Snapshot of the coast


A new monitoring program is set to identify what fauna species are living on our coastal reserves and measure the success of ongoing conservation works.

The Great Ocean Road Coast Committee (GORCC) is working with volunteer groups to establish a monitoring system which will gather data using a range of techniques including infrared cameras, and mammal surveys.

Flora surveying will also be conducted, with transect lines and photo points to be set up on conservation sites.

Beacon Ecologist Luke Hynes helps GORCC conservation supervisor Georgie Beale and
Beacon Ecologist Luke Hynes helps GORCC conservation supervisor Georgie Beale and Evan Francis set up a transect line.


GORCC Environmental Projects Manager, Alex Sedger said that the program will provide an in-depth analysis of the different species living along the coast and help GORCC and volunteers to develop conservation strategies.

“It is important that we are able to quantify the fauna in the area to direct resources in the best strategic way.

“Our conservation has primarily focused on weed control and pest eradication, so it will be interesting to analyse what impact our work is having on the environment,” Ms Sedger said.

bandicoot[1]
A bandicoot captured on infrared cameras.

GORCC has engaged local consultant Luke Hynes from Beacon Ecological to assist with the revision and implementation of the organisation’s Native Vegetation and Weed Action Plan.

Mr Hynes, who recommended the implementation of a monitoring system, said the infrared cameras are an important tool in evaluating the health of the environment.

“The data collected from the cameras will provide valuable information for GORCC’s land management and will help educate volunteer groups about the animals in the area,” Mr Hynes said.

The cameras will be set up in several different locations to record both native and pest animal activity in each area.

Parks Victoria has successfully used infrared cameras in the Otways region and most recently in Wilsons Promontory to monitor fauna, capturing a number of native animals including endangered and threated species.

“The results of their research is very encouraging and we hope the monitoring we undertake in our local area will have similar results,” Ms Sedger said.

It is hoped that the cameras will also capture feral pests with a particular focus on their impact on vulnerable species such as the Hooded Plover.

Ms Sedger said the project would include collaboration with the many environmental volunteer groups working on the GORCC –managed coast.

“Volunteers are very keen to see this type of monitoring take place and we are looking forward to working with them and supporting their invaluable work,” she said.

More information on environmental volunteering is available at www.gorcc.com.au.

What do you think about the new monitoring systems?
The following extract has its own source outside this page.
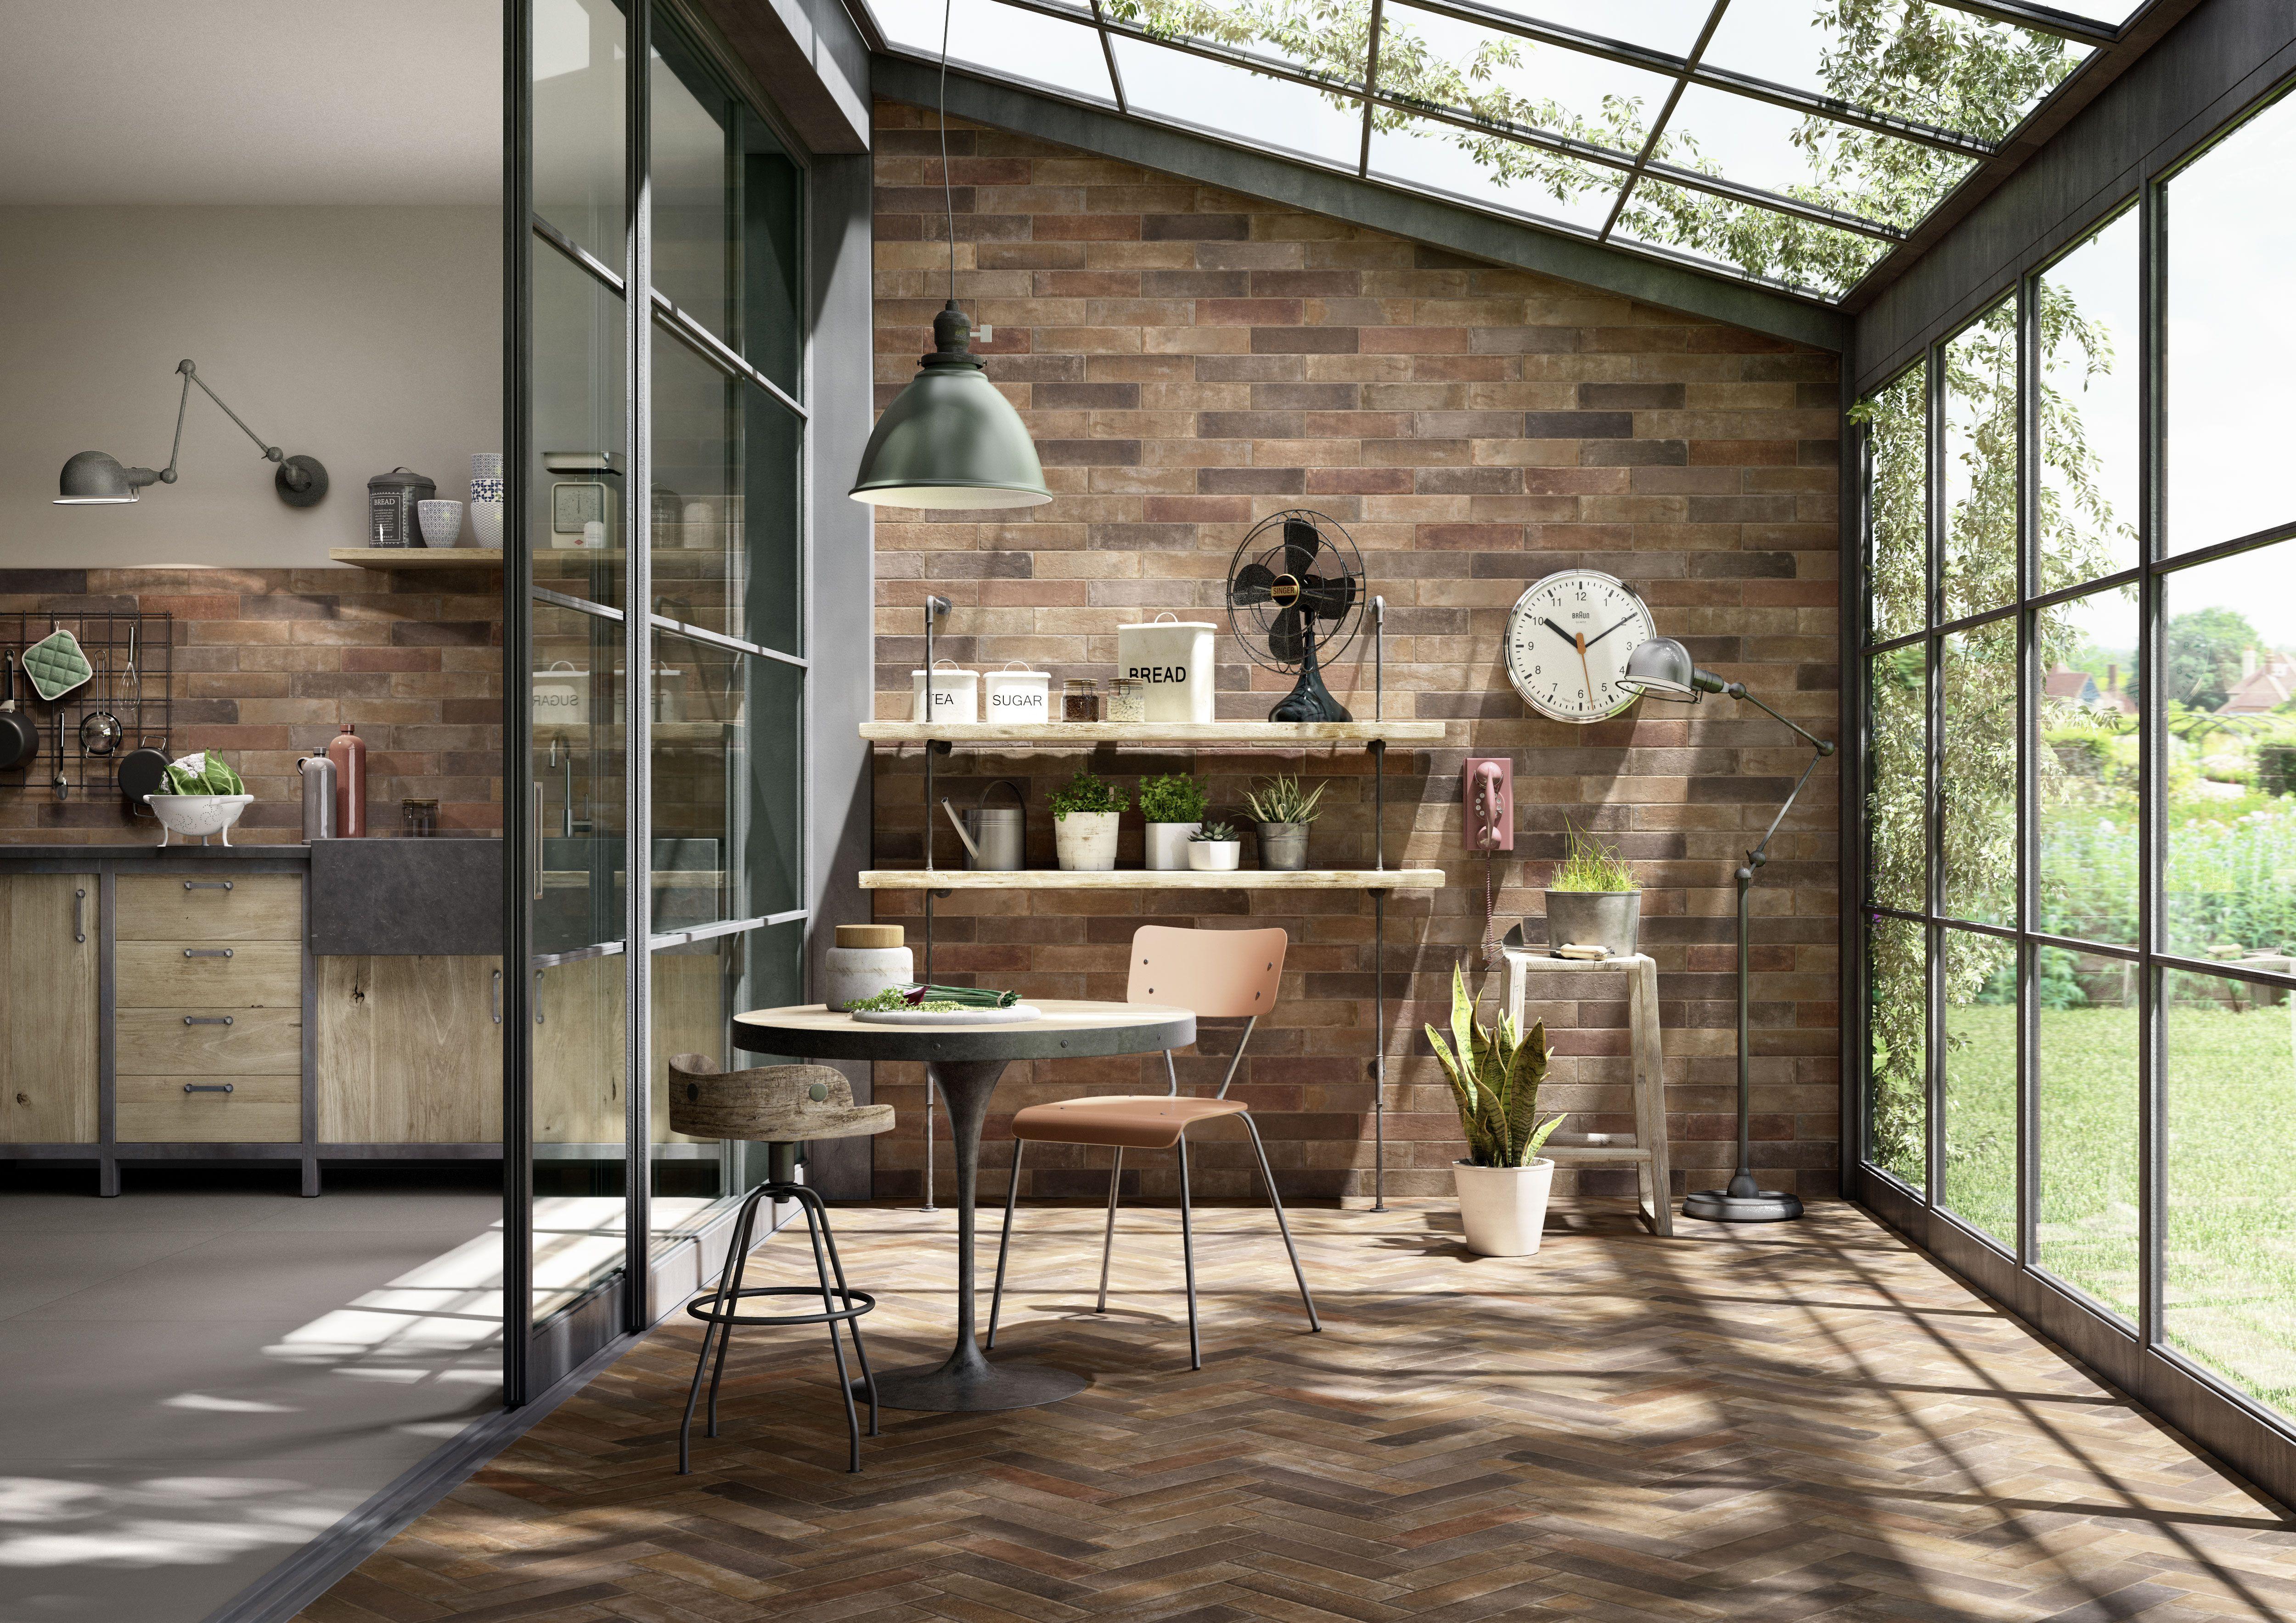 Terramix - Brick effect porcelain stoneware | Marazzi | Ceramica ...
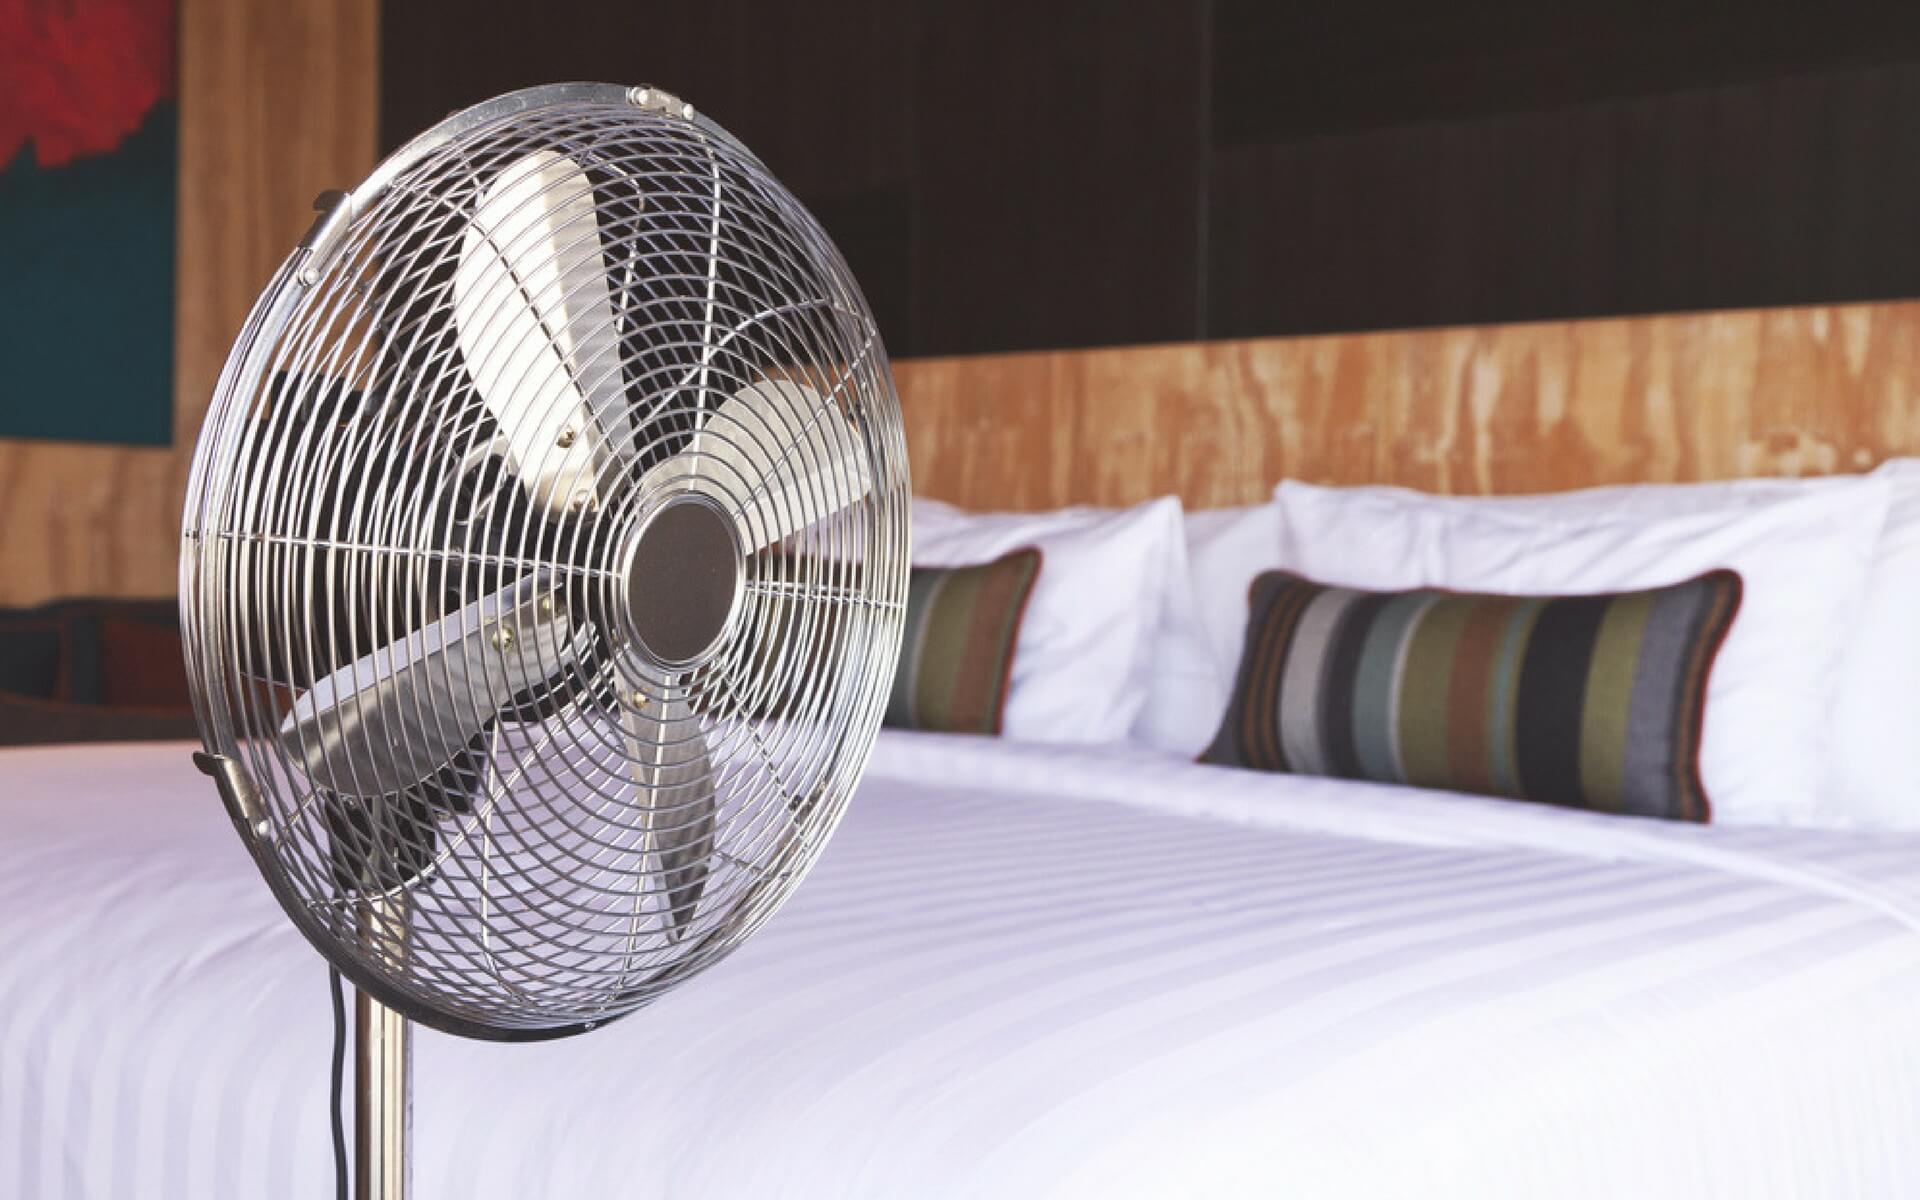 Rinfrescare Casa Fai Da Te come rinfrescare la casa d'estate senza l'aria condizionata

Have your say below.

2 thoughts on “Snapshot of the coast

  • This is a great idea to increase knowledge of our native fauna along the coast, and to get more information about foxes and cats. The cameras might also pick up collared and/or tagged kangaroos from our project at Anglesea golf course. We know that some of our roos have moved out into the heath and a couple have gone as far as Aireys Inlet, but any records from the camera traps would be really valuable.

    If you get any photos of marked kangaroos, please contact me (details below) or Jemma Cripps at DELWP , or our kangaroo hotline

    Thanks very much,

    Graeme

    Assoc Prof Graeme Coulson
    Honorary Principal Fellow
    School of BioSciences
    The University of Melbourne
    Vic 3010 Australia
    03 8344 4857 Office
    0447 064 797 Mobile
    gcoulson@unimelb.edu.au

    • Thanks for getting in touch Graeme. We would be happy to share findings with you. We will be sure to be in touch. I think we have worked with Jemma before to write an article for the Surf Coast Times on this research. Jane Lovejoy, Community Liaison Manager.